Ein weiterer Brand geschah im Jahre 1676. Die Rechnungen hierfür ziehen sich durch drei Rechnungsjahre, die vom Stiftsdekan Wettinger, vom Amtskammereer Caspar Pachleitner und Christoph Tucher vom äußeren Rat unterschrieben wurden.
Die neuen Glöcklein (es waren derer zwei) wurden in München gegossen und nach Freising zur Weihe gebracht. Sie kosteten unter Anrechnung des alten Metalles 25 Gulden, die durch Eintreiben einer rückständigen Schuld des Ertlmaier von Rosenberg gedeckt wurden. Es war viel Holz für das Gerüst nötig, damit der Kuppelbau in Angriff genommen werden konnte.

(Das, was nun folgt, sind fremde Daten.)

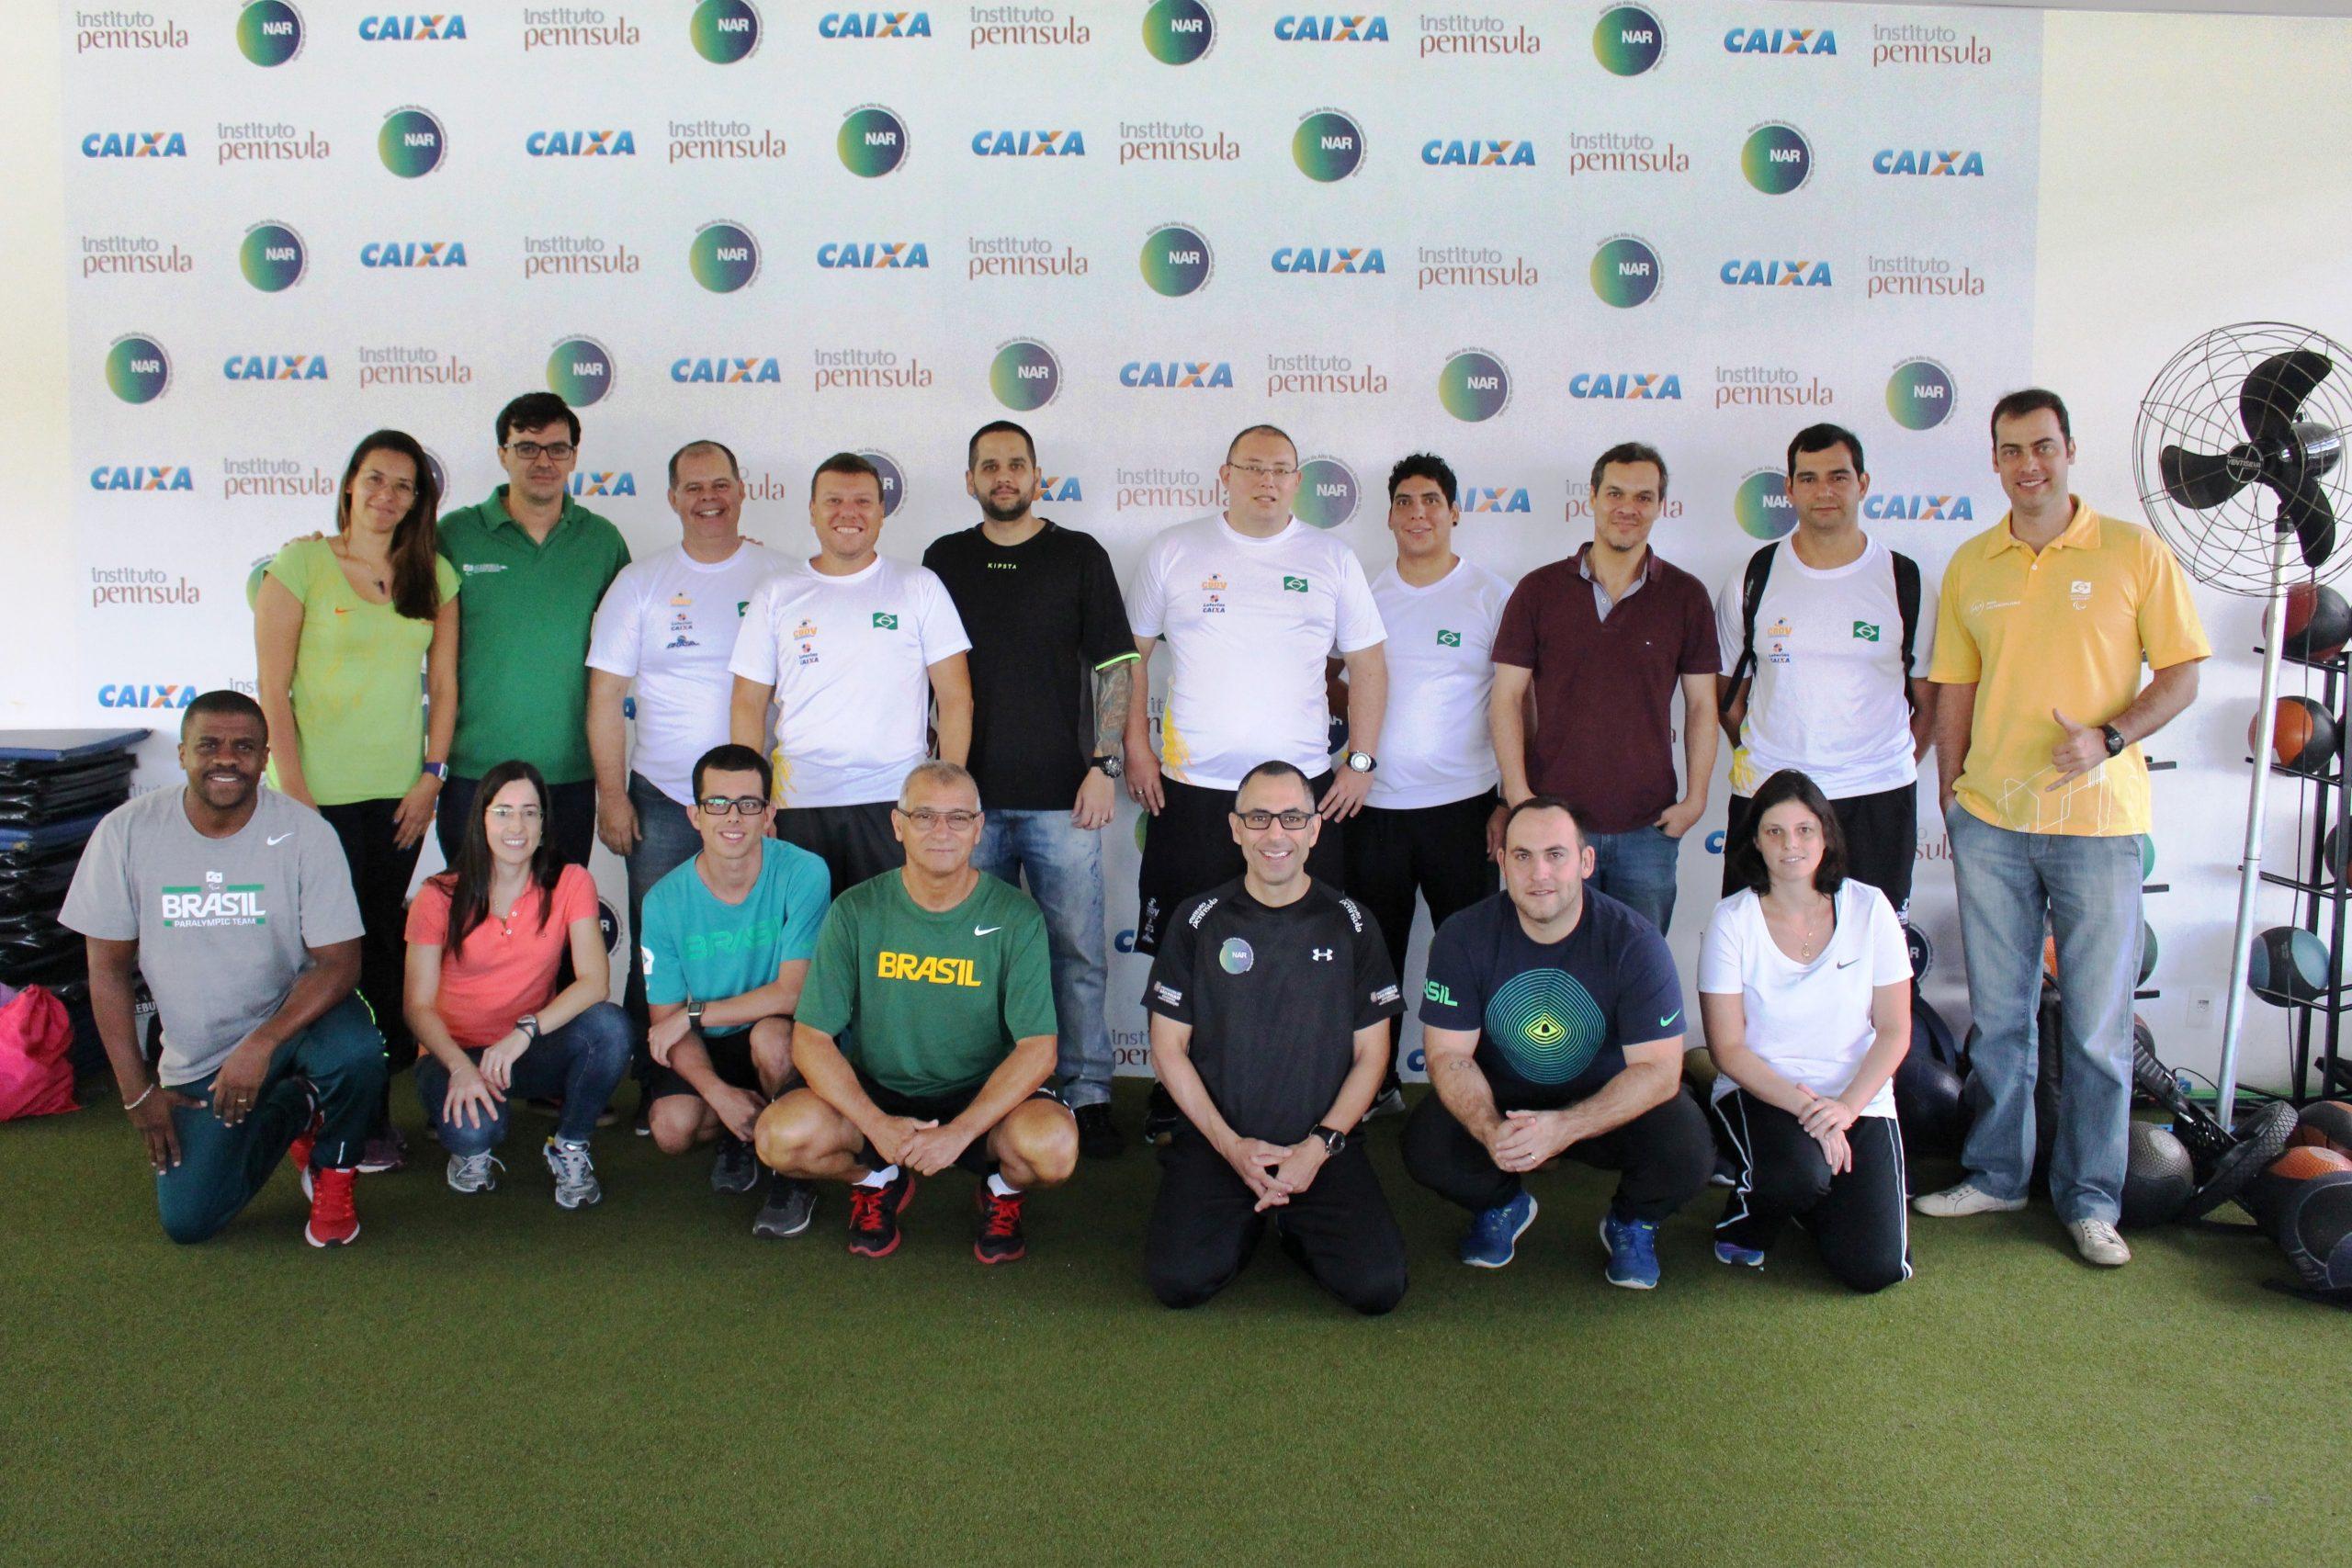 Técnicos das principais seleções paralímpicas se reúnem no NAR-SP para palestras

Der Zimmermeister hat mit dem Amonknecht die Tränk im Turm eingezogen und die Helmstange aufgemacht. Der Kupferschmied hatte die Turmkugel auszubessern und mit goldener Farbe anzustreichen. Der Niedermüller lieferte 15 Pfund Leinöl zum Ausstreichen, während dem löblichen Herrn Amtsdiener die schöne Aufgabe zukam, etliche alte Nägel „kradt“ (gerade) zu klopfen. Zuletzt gab es zur Hebfeier um 45 Kreuzer Fürstwein, der aber als sehr sauer empfunden wurde.